▶ Work instruction
Everything in the listing below needs restating exactly, apart from the pictures.
***** Data extract
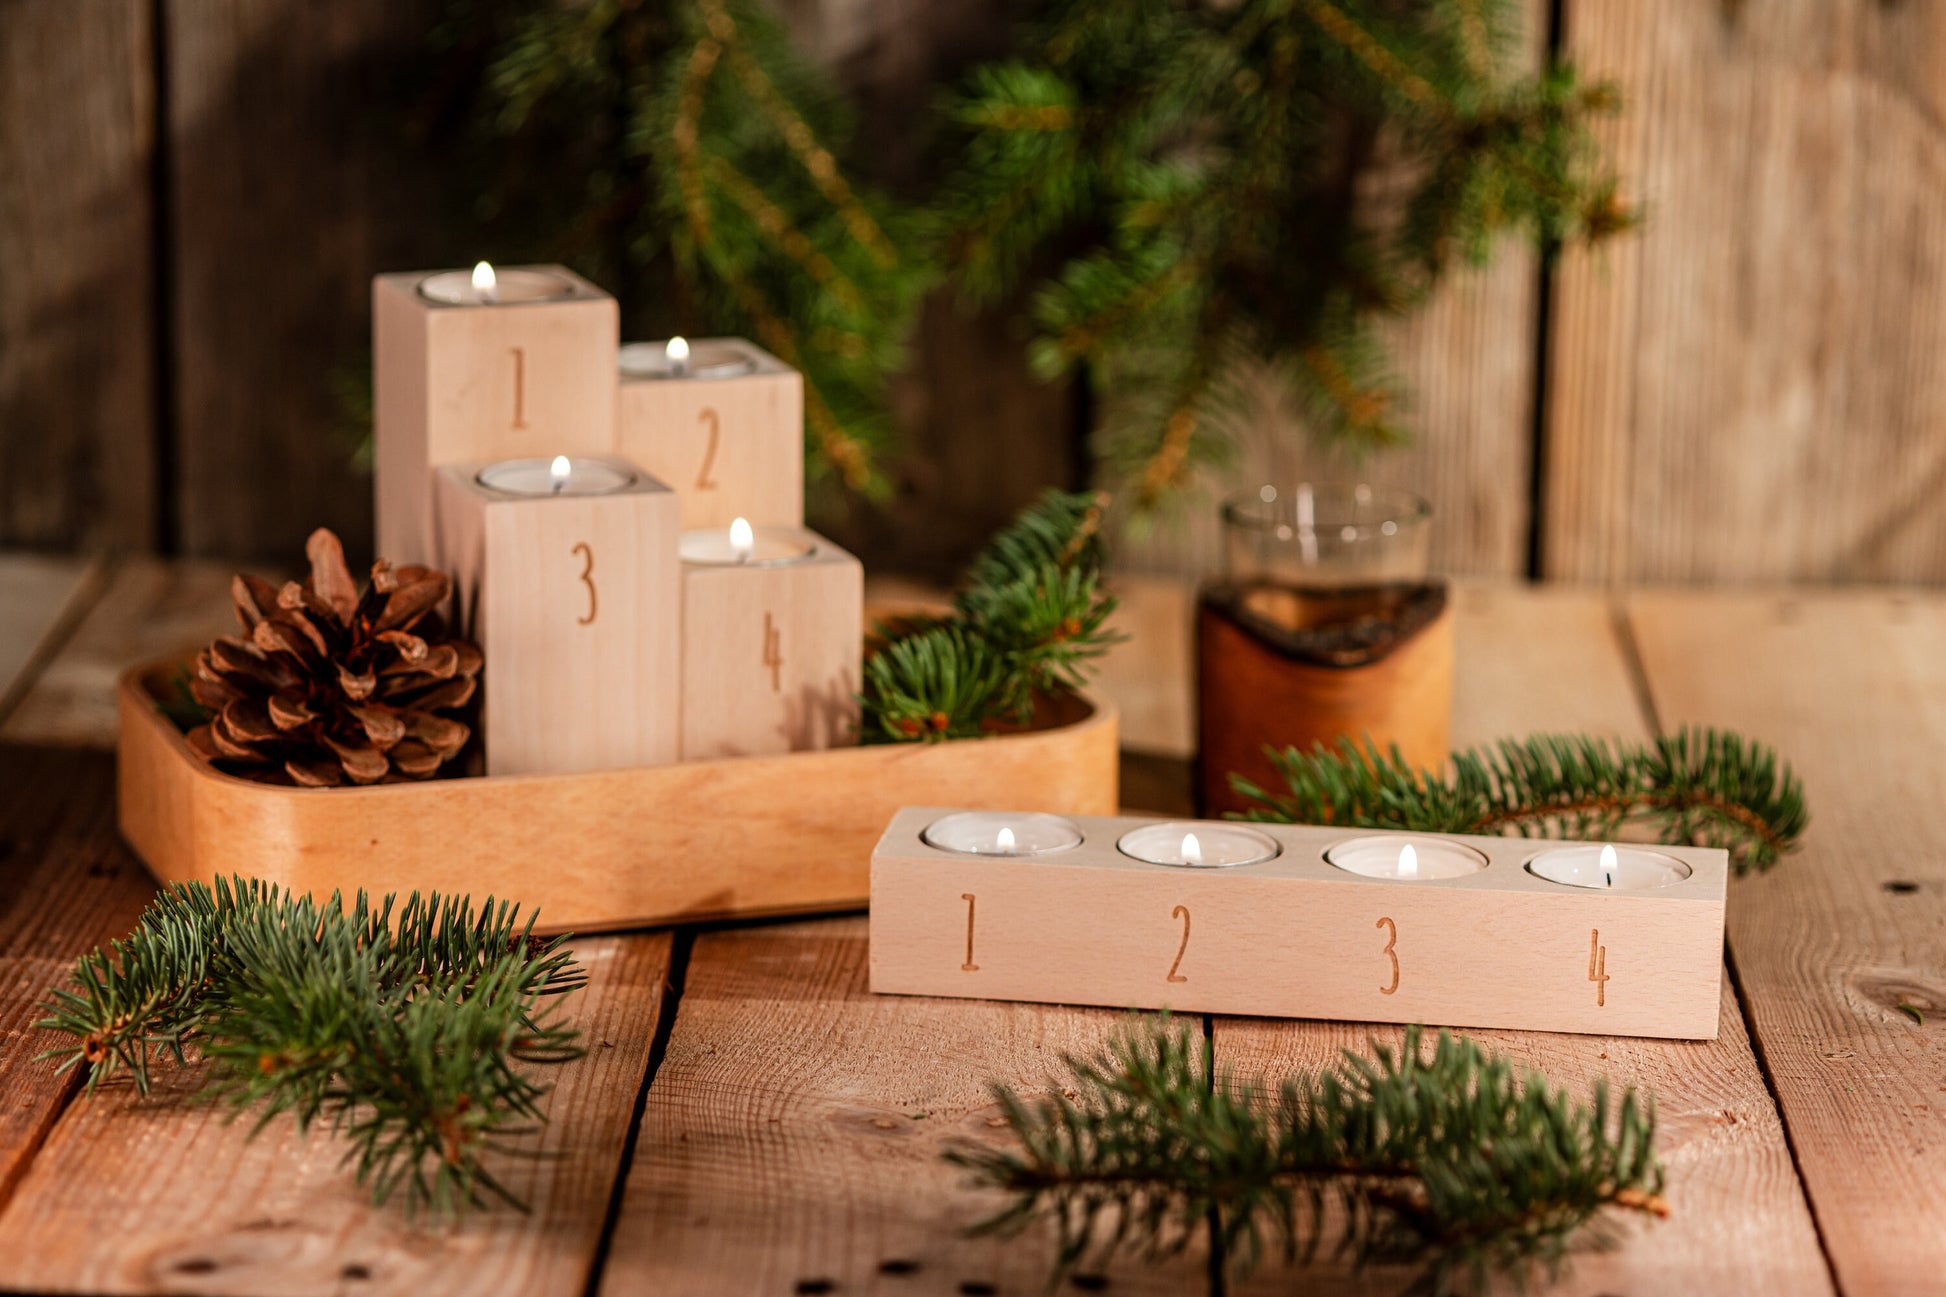 Schlichter Teelichthalter aus Holz, Kerzenhalter Nordic Style, Teelichthalter graviert, Kerzenständer Buchenholz, Adventskranz, Kerzenhalter
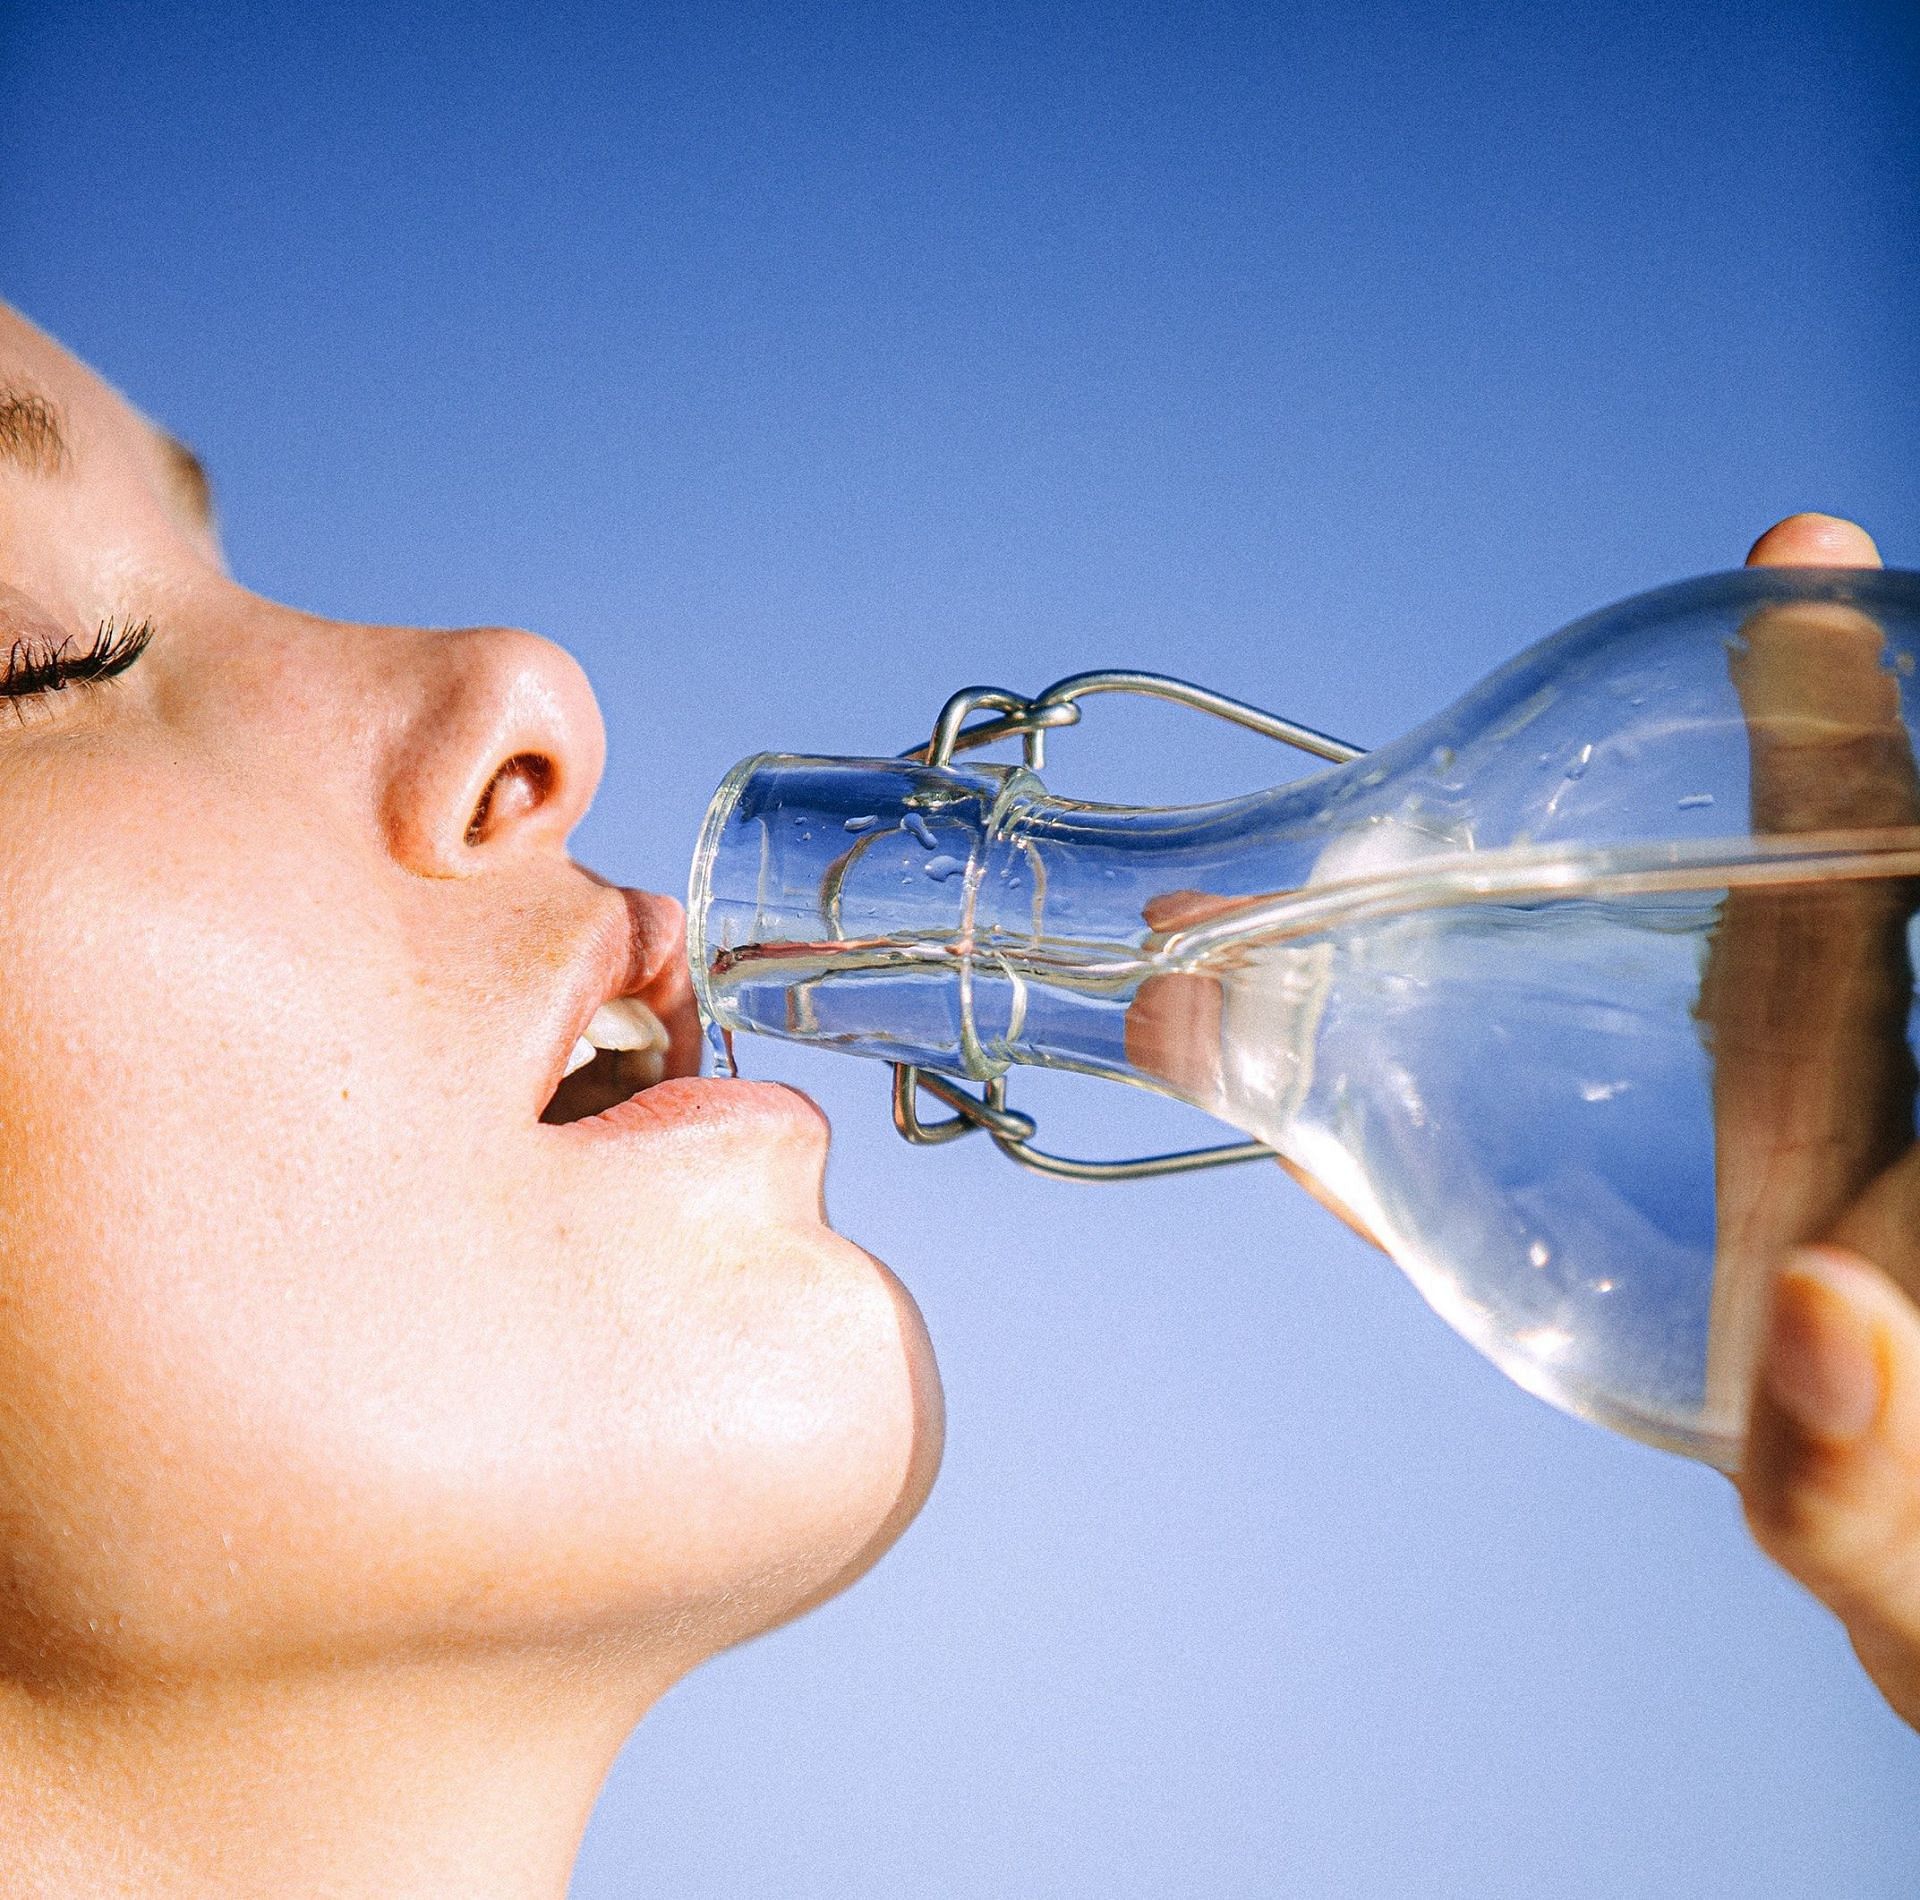 Drink enough water. (Image via Pexels/Arnie Watkins)
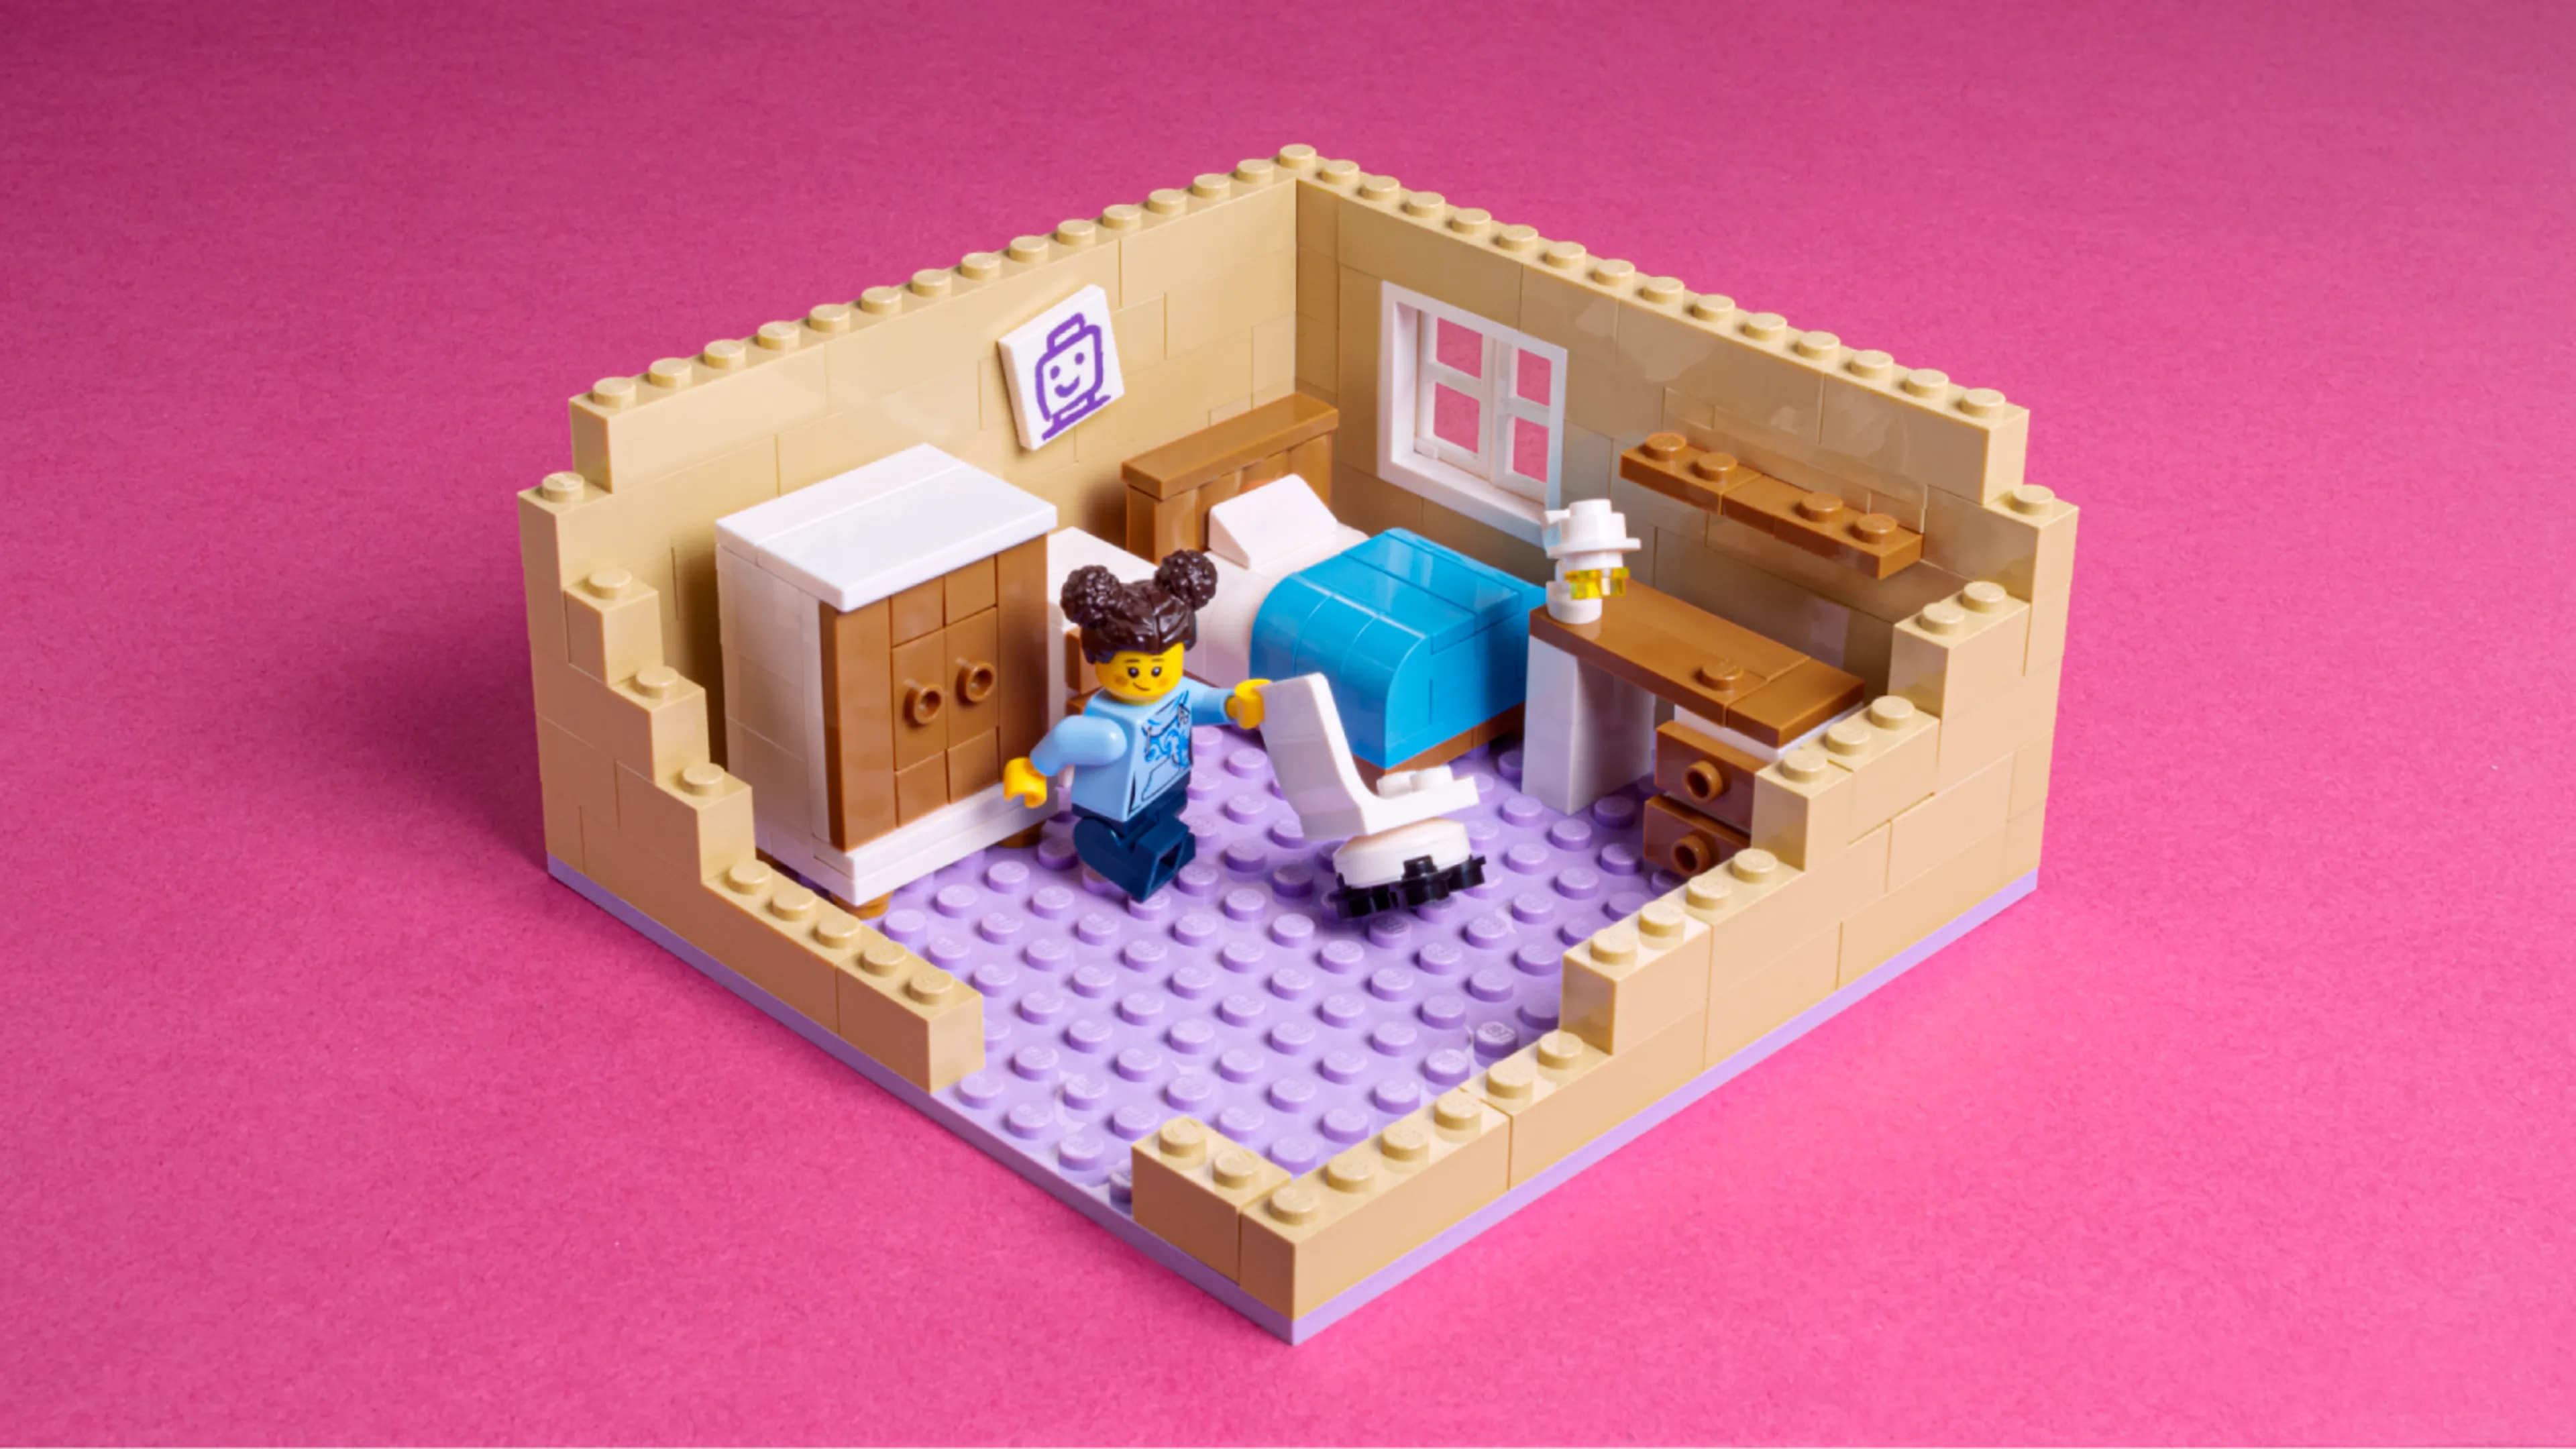 A minifigure moving LEGO furniture
**********
▶ Answer to the exercise
 Schlichter Teelichthalter aus Holz, Kerzenhalter Nordic Style, Teelichthalter graviert, Kerzenständer Buchenholz, Adventskranz, Kerzenhalter
 Drink enough water. (Image via Pexels/Arnie Watkins)
 A minifigure moving LEGO furniture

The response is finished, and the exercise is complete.